3. Number of Experts Used to Establish the Ground Truth for the Test Set and Qualifications of Those Experts
This information is not applicable and not provided. The "ground truth" for this bench testing is the expected performance of a well-functioning CPAP/ASV device, primarily benchmarked against the predicate device's known performance characteristics. The tests verify engineering specifications, not clinical diagnoses that would require expert consensus.
4. Adjudication Method for the Test Set
Not applicable. This was a bench test against predetermined engineering specifications and comparison to predicate device performance. No human adjudication of clinical outcomes or images was involved.
5. If a Multi-Reader Multi-Case (MRMC) Comparative Effectiveness Study was done, If so, what was the effect size of how much human readers improve with AI vs without AI assistance
Not applicable. This is a ventilation device, not a diagnostic imaging device using AI to assist human readers. Therefore, an MRMC study comparing AI-assisted vs. non-AI-assisted human reader performance is not relevant to this submission.
6. If a Standalone (i.e. algorithm only without human-in-the-loop performance) was done
The device itself is a standalone medical device that delivers therapy based on internal algorithms and sensor inputs. The "bench testing" described evaluates the performance of these algorithms and the device's hardware independently.
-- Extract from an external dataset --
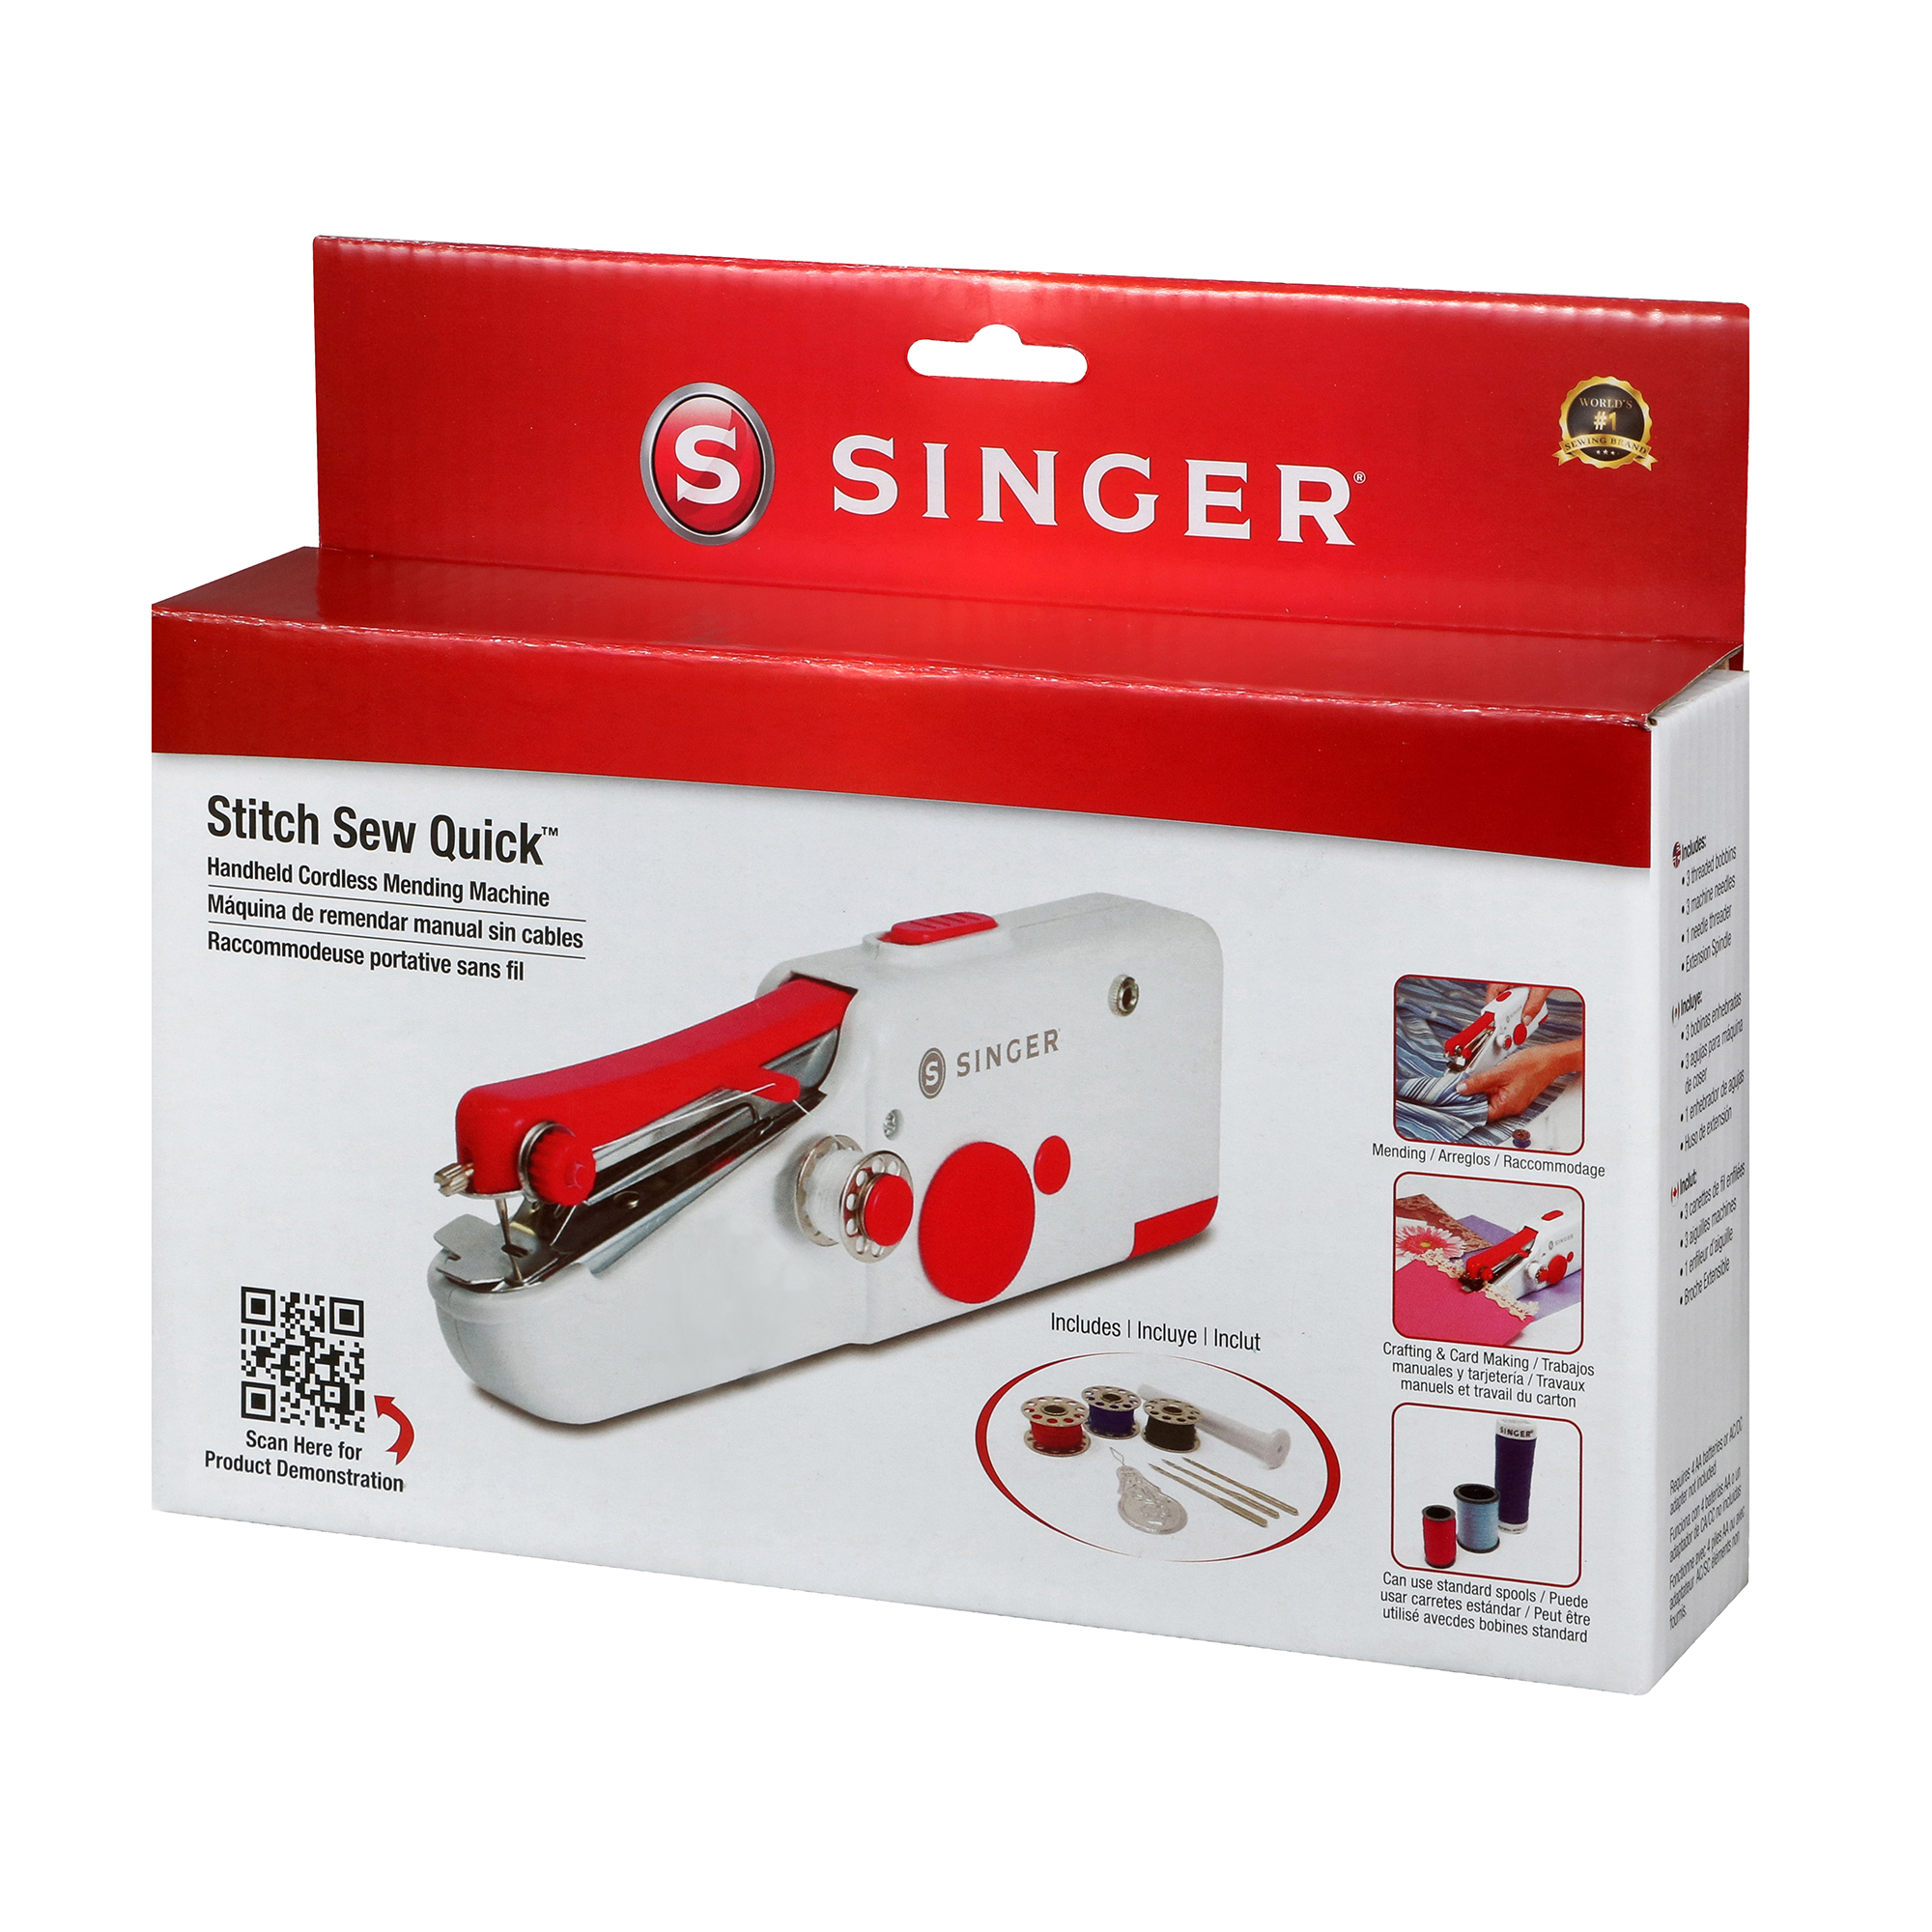 SINGER Stitch Sew Quick Handheld Mending Machine - image 2 of 6

While not explicitly framed as an "algorithm only" study in the AI context, the bench tests verify the device's automated functioning.
7. The Type of Ground Truth Used (expert consensus, pathology, outcomes data, etc.)
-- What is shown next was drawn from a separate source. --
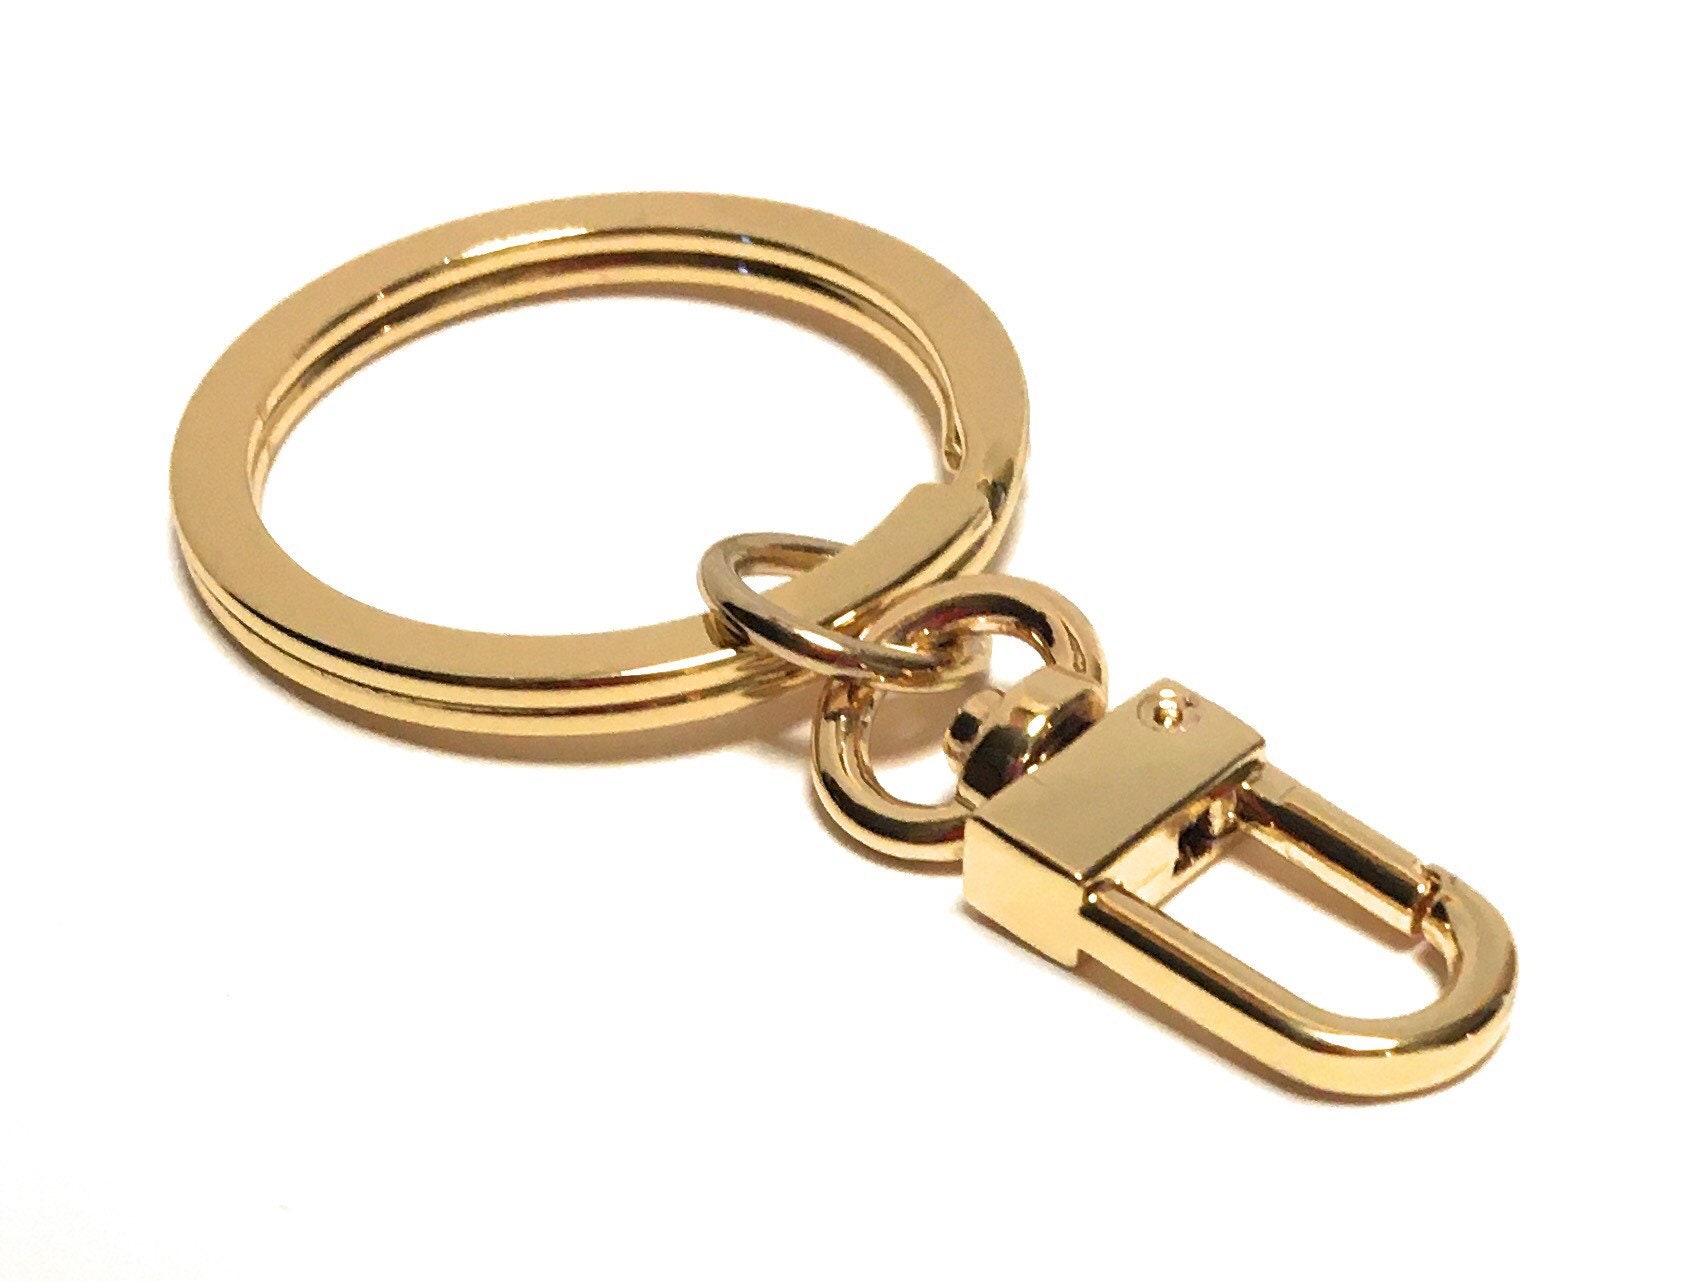 Louis Vuitton 6 Ring Key Holder As a Wristlet www.modelvale.com  #louisvuitton #lv #lvkeyhold…

The "ground truth" for this study is primarily:
- Engineering Specifications: Predetermined pass/fail criteria from the "S9 Greenhills System Specification."
- Predicate Device Performance: The known and established performance of the S9 VPAP Adapt (K113801) is used as the benchmark for comparison, establishing "substantial equivalence." The "breathing machine simulates patient breathing patterns" to test the device's response against expected physiological responses.
8. The Sample Size for the Training Set
Not applicable. This medical device primarily uses control algorithms based on established physiological principles and engineered specifications, not machine learning algorithms that require a distinct "training set" of data in the AI sense.
9. How the Ground Truth for the Training Set was Established
Not applicable, as there is no "training set" in the context of an AI/machine learning algorithm for this device. The device's operating principles and algorithms are based on established medical science for respiratory support.
§ 868.5905 Noncontinuous ventilator (IPPB).
(a)
Identification. A noncontinuous ventilator (intermittent positive pressure breathing-IPPB) is a device intended to deliver intermittently an aerosol to a patient's lungs or to assist a patient's breathing.(b)
Classification. Class II (performance standards).